Your goal:
Every line of the data below is to be duplicated exactly, pictures excepted.

Given material:
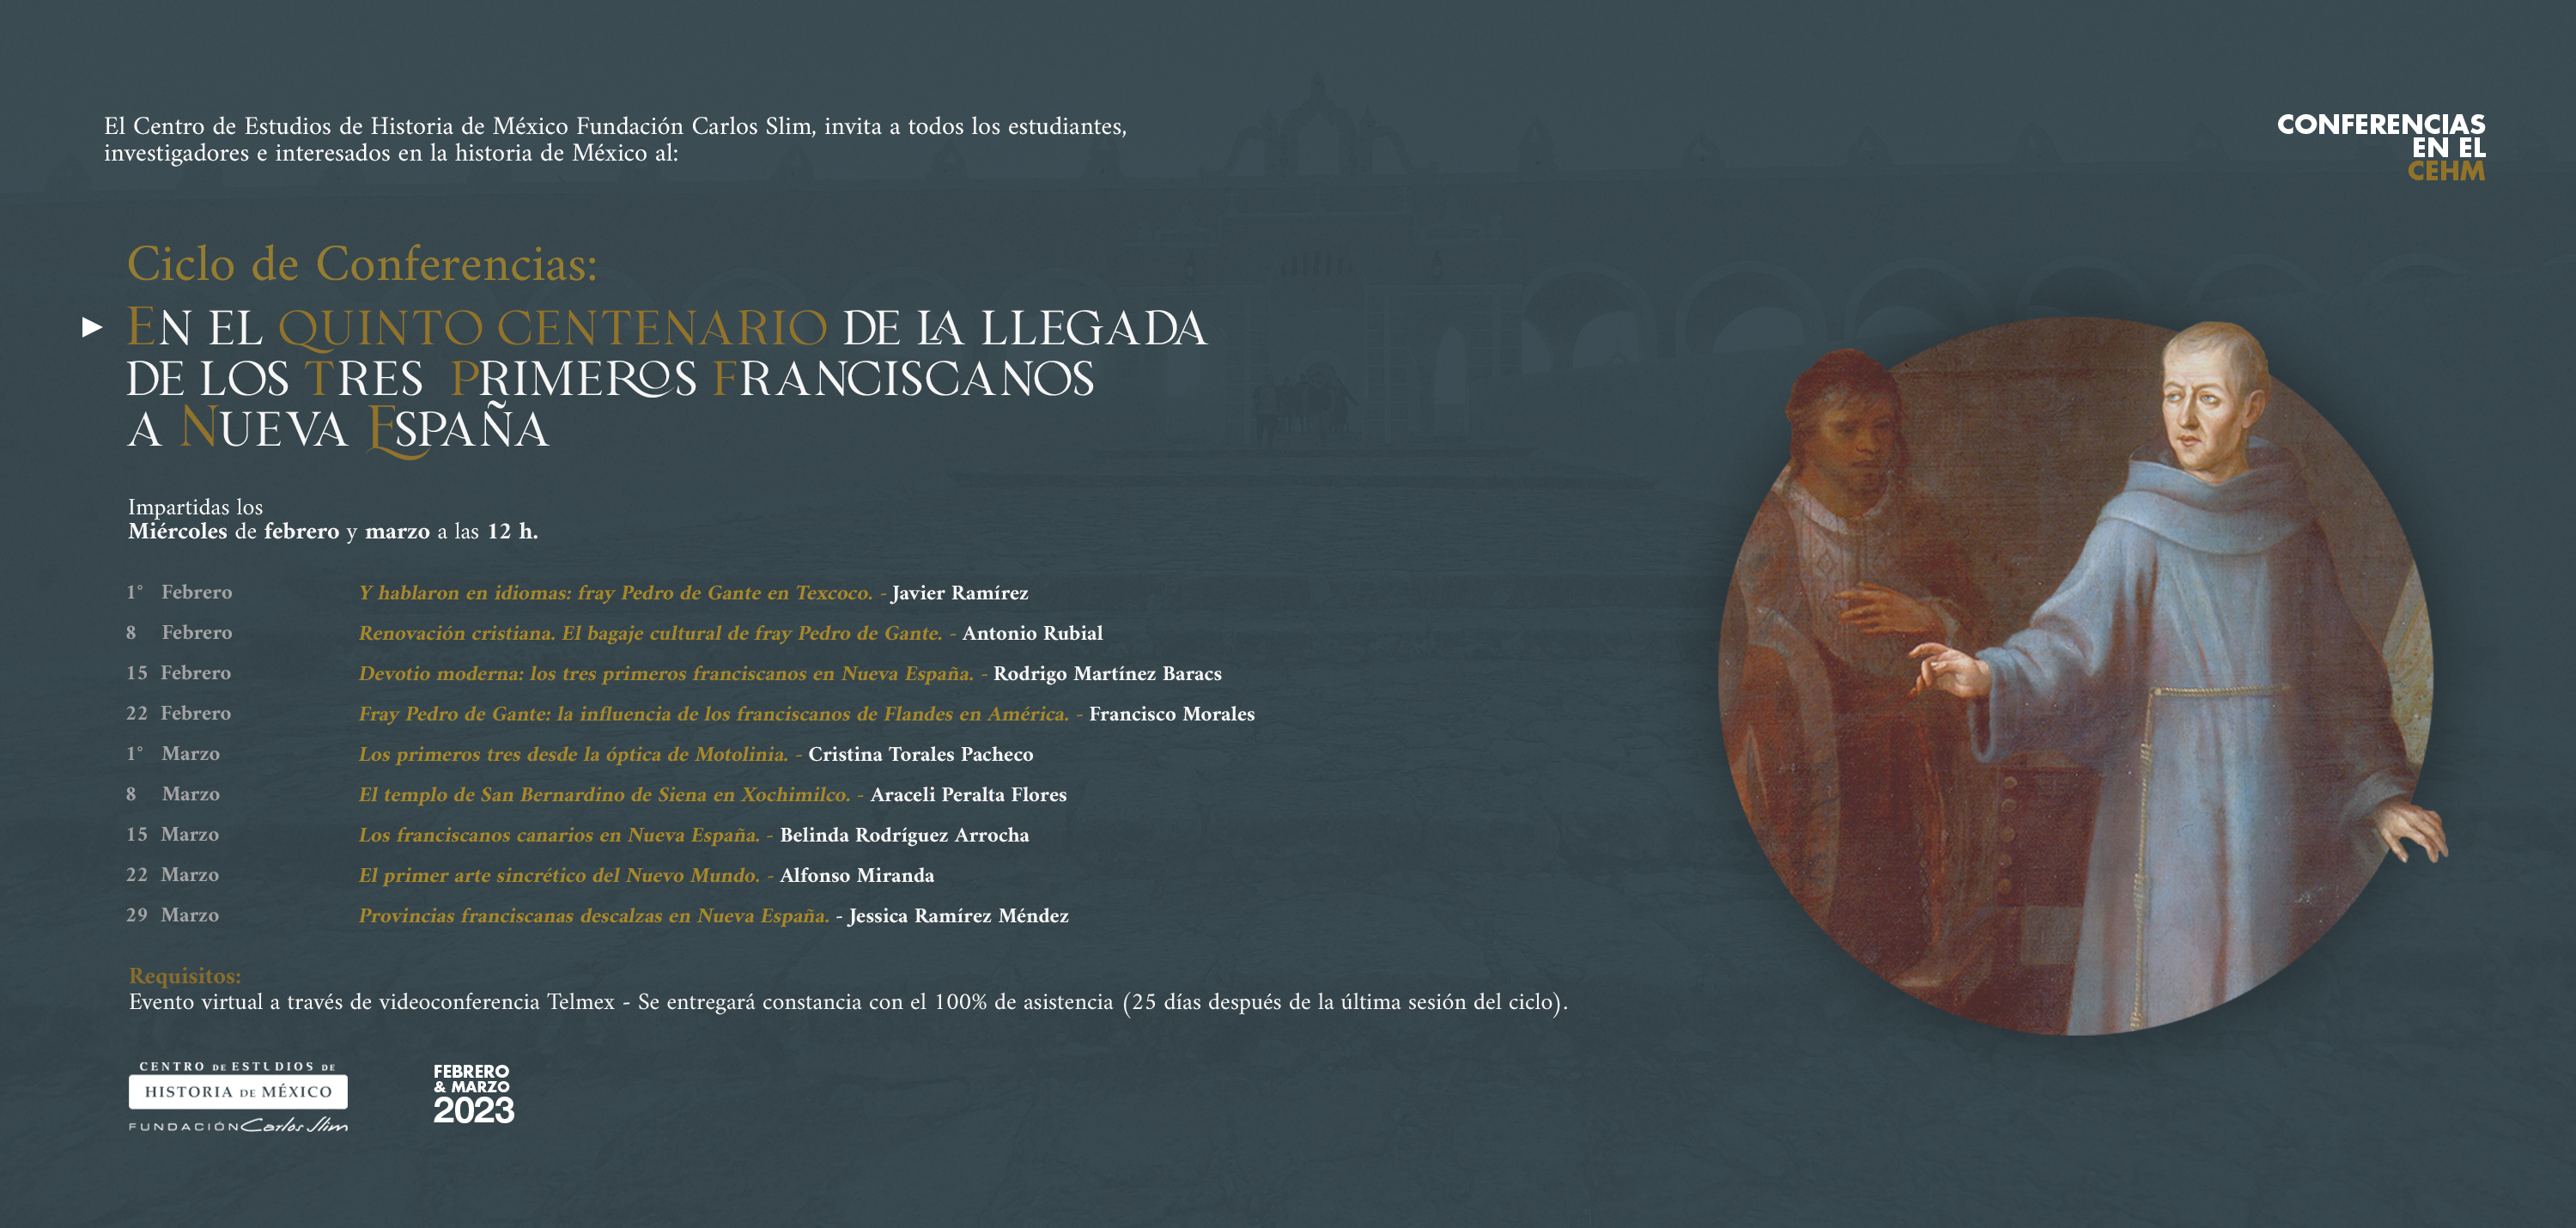 Ciclo de Conferencias Franciscanos
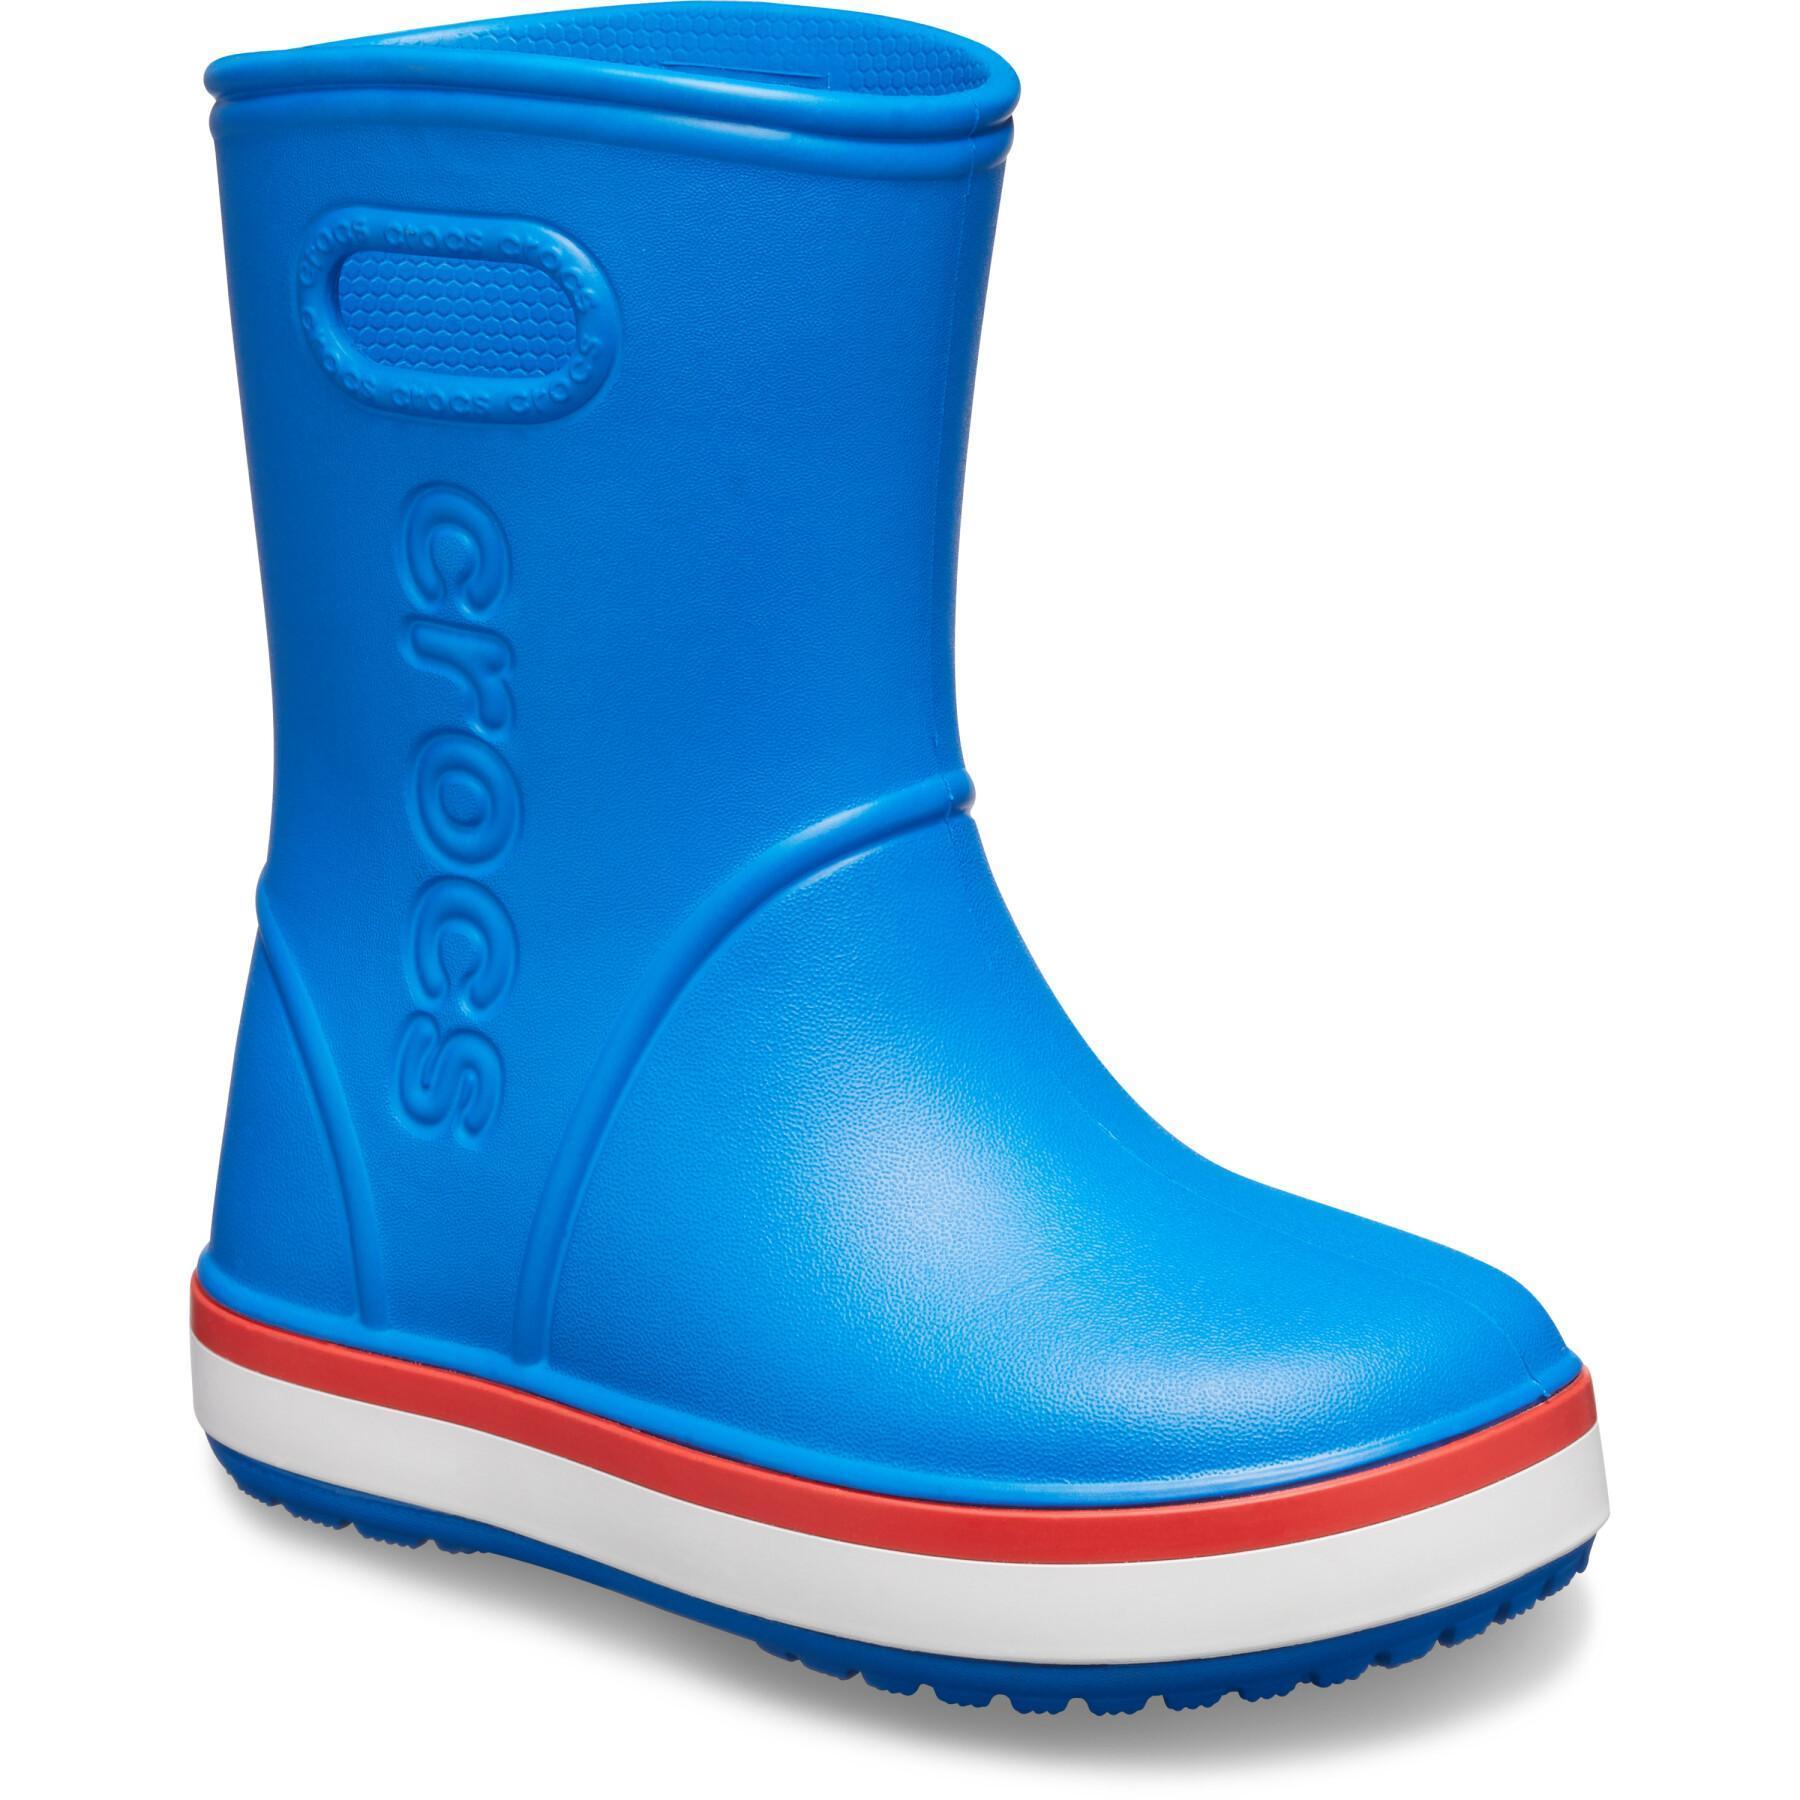 Stivali da pioggia per bambini Crocs crocband rain
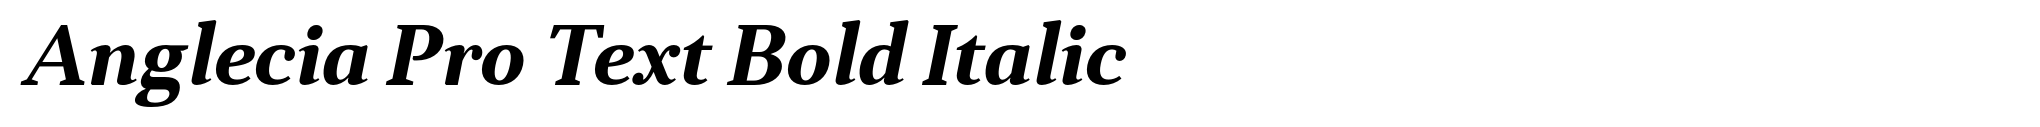 Anglecia Pro Text Bold Italic image
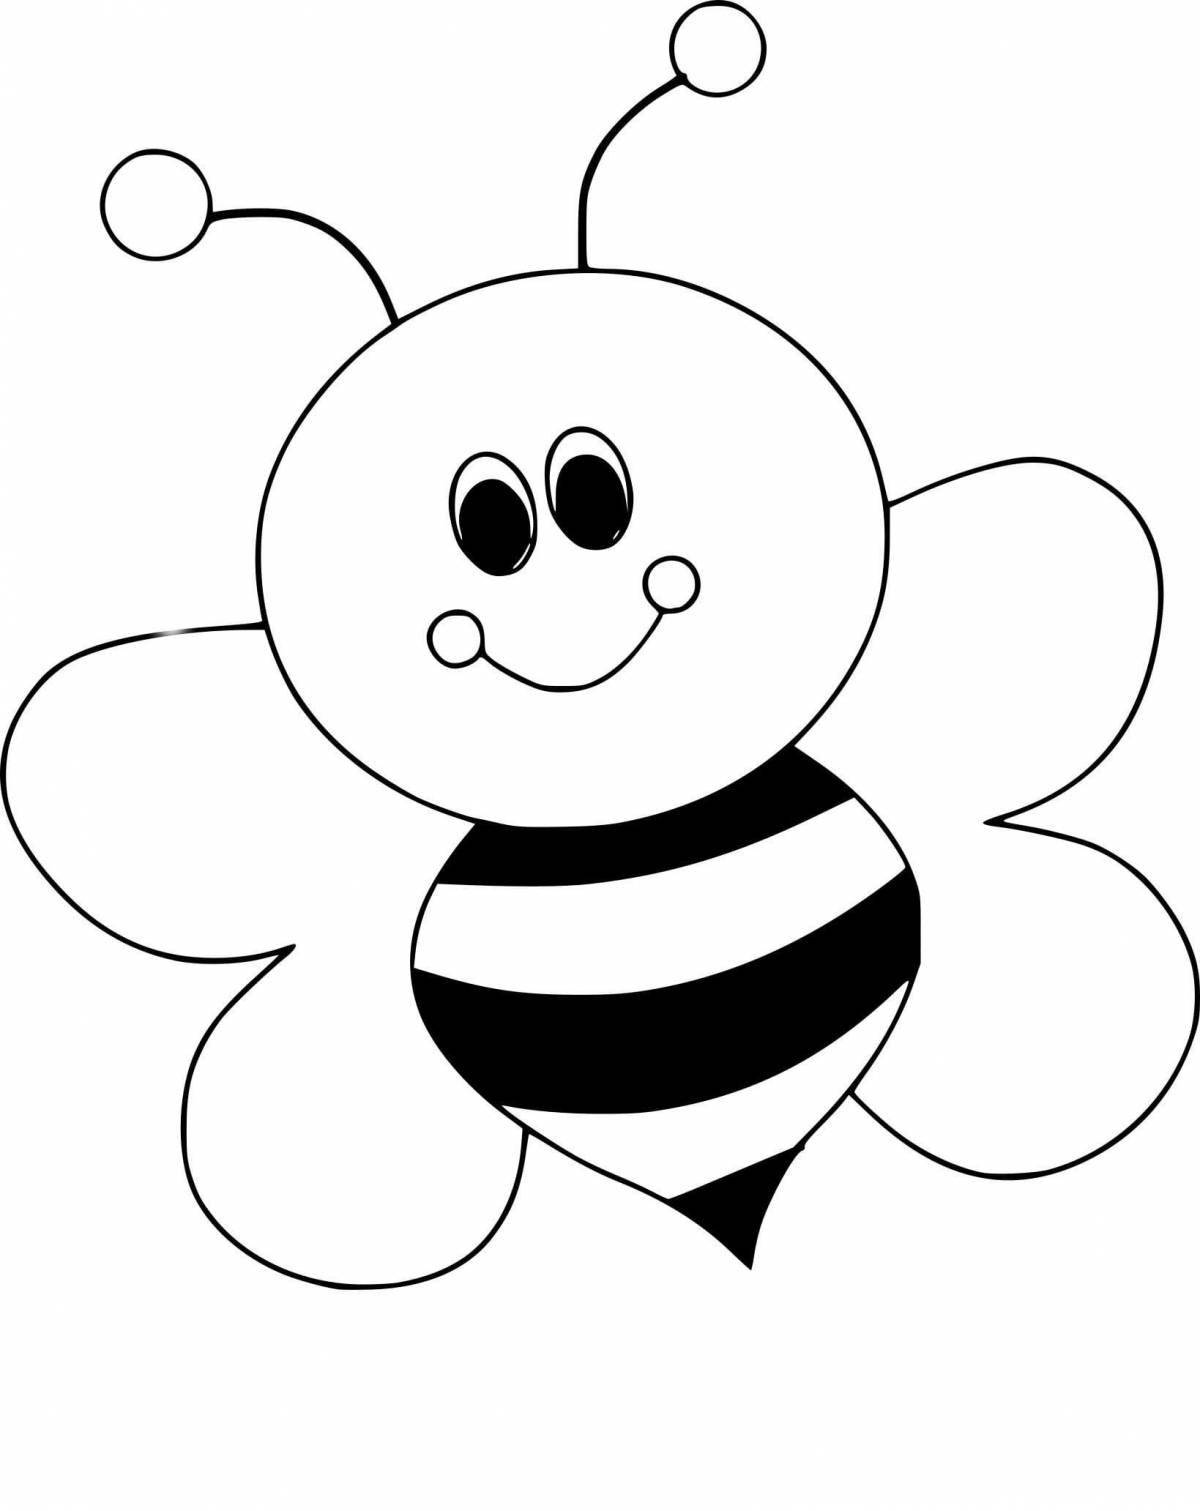 Увлекательная раскраска пчелы для детей

Expected answer:
 Ciclo de Conferencias Franciscanos
 Stivali da pioggia per bambini Crocs crocband rain
 Anglecia Pro Text Bold Italic image
 Увлекательная раскраска пчелы для детей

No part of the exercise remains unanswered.